1993—In Steffan v. Perry, a trifecta of Carter appointees on theD.C. Circuit—Abner J. Mikva, Patricia M. Wald, and Harry T. Edwards—rules that Department of Defense Directives excluding homosexuals from military service cannot constitutionally be applied to someone who has identified himself as a homosexual but who has not been shown to have engaged in homosexual conduct. Purporting to apply rational-basis review, the opinion authored by chief judge Mikva determines that it is irrational for the Department of Defense to employ the rebuttable presumption that (in Mikva’s summary) “a person who, by his own admission, ‘desires’ to engage in homosexual conduct has a ‘propensity’ to engage in repeated homosexual conduct.” One year later—after Mikva’s resignation—the en banc D.C. Circuit reverses Mikva’s ruling (with Wald, Edwards, and Clinton appointee Judith Rogers dissenting).
2009—In a unanimous per curiam opinion in Wong v. Belmontes, the Supreme Court summarily reverses the ruling by a divided Ninth Circuit panel that a murderer who had been sentenced to death received ineffective assistance of counsel during the sentencing phase of his trial. The Ninth Circuit opinion was written by arch-activist Judge Stephen Reinhardt and was joined by Judge Richard Paez. In dissent was Judge Diarmuid O’Scannlain. That’s the third time in this same case that the Supreme Court has reversed or vacated a ruling by Reinhardt (though Reinhardt can take consolation in the fact that one overturning was by a 5-4 vote and another was a “GVR”—an order granting, vacating and remanding in light of an intervening ruling by the Court).
Among other things, the Court states that it “simply cannot comprehend the assertion by the Court of Appeals that this case did not involve ‘needless suffering’”:
The jury saw autopsy photographs showing Steacy McConnell’s mangled head, her skull crushed by 15 to 20 blows from a steel dumbbell bar the jury found to have been wielded by Belmontes. McConnell’s corpse showed numerous “defensive bruises and contusions on [her] hands, arms, and feet,” which “plainly evidenced a desperate struggle for life at [Belmontes’] hands.” Belmontes left McConnell to die, but officers found her still fighting for her life before ultimately succumbing to the injuries caused by the blows from Belmontes. The jury also heard that this savage murder was committed solely to prevent interference with a burglary that netted Belmontes $100 he used to buy beer and drugs for the night. McConnell suffered, and it was clearly needless.
The Court also notes that the Ninth Circuit majority, in addressing for the first time the murderer’s claim of ineffective assistance of counsel, suddenly “changed its view of the evidence.” Mitigation evidence that it had, in an earlier phase of the litigation, called “substantial” somehow became “cursory” and “insubstantial.” Whereas Reinhardt had concluded that “[t]here can be little doubt” that counsel’s performance “was prejudicial,” the Supreme Court labels “fanciful” the notion that any prejudice resulted.
2017—In a divided panel ruling (in United States v.

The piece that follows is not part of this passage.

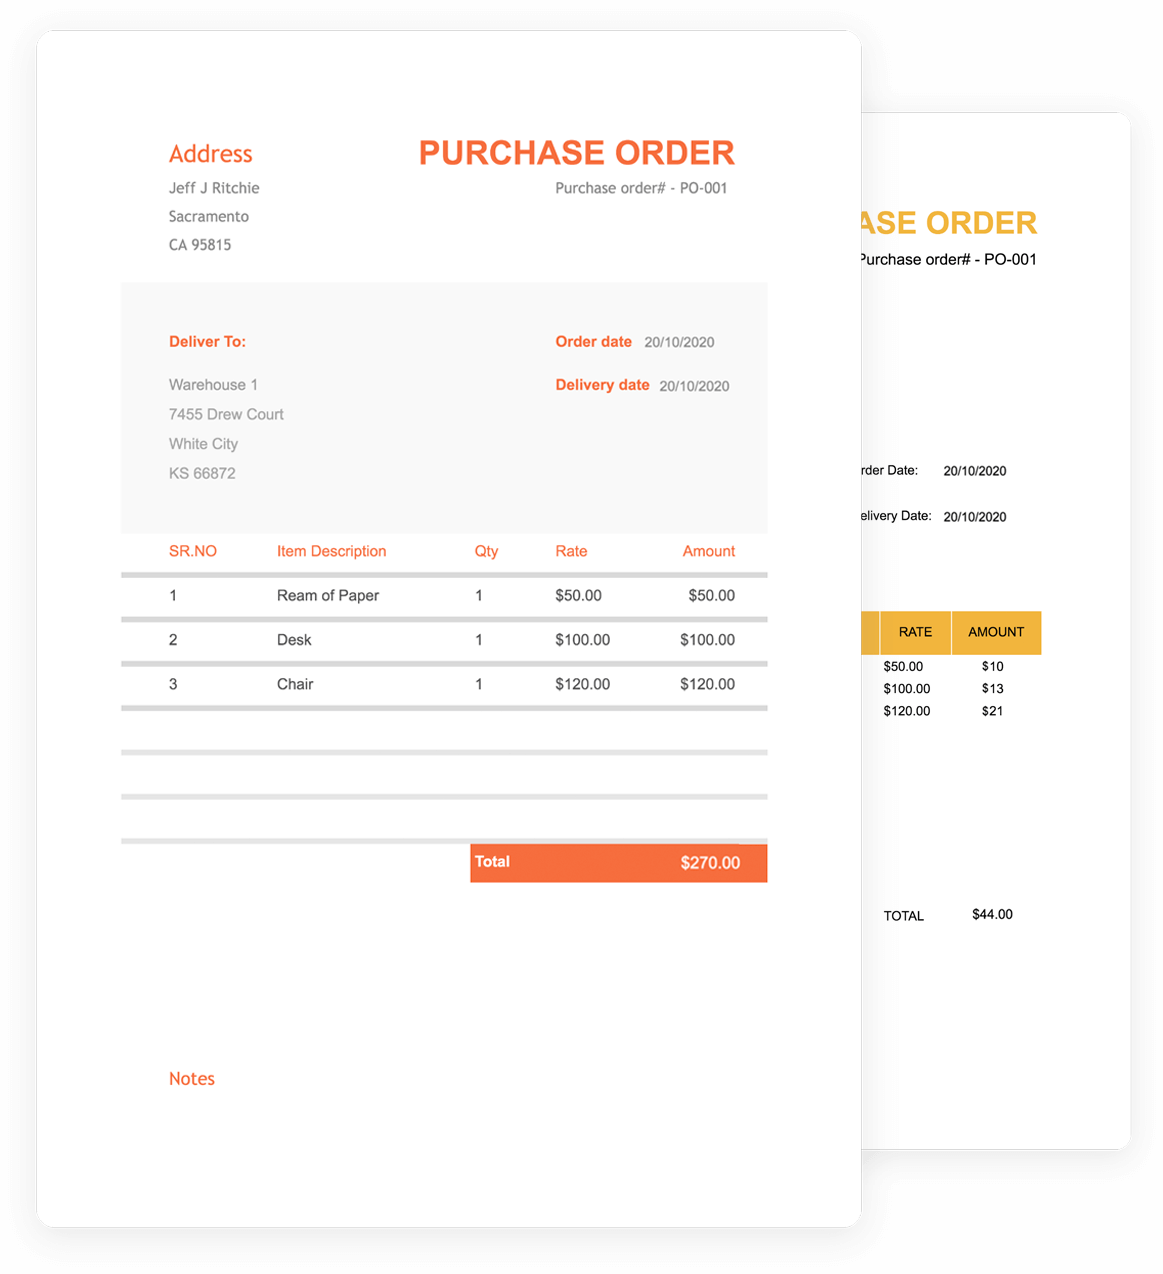 https://www.zoho.com/inventory/purchase-order-templates/images/purchase-order-2x.png

United States District Court), the Ninth Circuit denies the federal government’s request to block an order of the district court that requires it to provide a broad array of documents relating to its decision to rescind the Deferred Action for Childhood Arrivals (DACA) policy. The majority opinion is co-authored by Judge Kim McLane Wardlaw and Judge Ronald M. Gould (each appointed by President Clinton).
In dissent, Judge Paul J. Watford (appointed by President Obama) objects that the district court’s order improperly “sweeps far beyond materials related to the sole reason given for rescinding DACA” and includes “materials [that] are deliberative in character,” possibly including communications with “high-level officials in the White House,” and thus raises “sensitive separation-of-powers concerns” that justify granting the government’s request.
One month later, a unanimous Supreme Court will vacate the Ninth Circuit’s order and will direct the district court that it “may not compel the Government to disclose any document that the Government believes is privileged without first providing the Government with the opportunity to argue the issue.”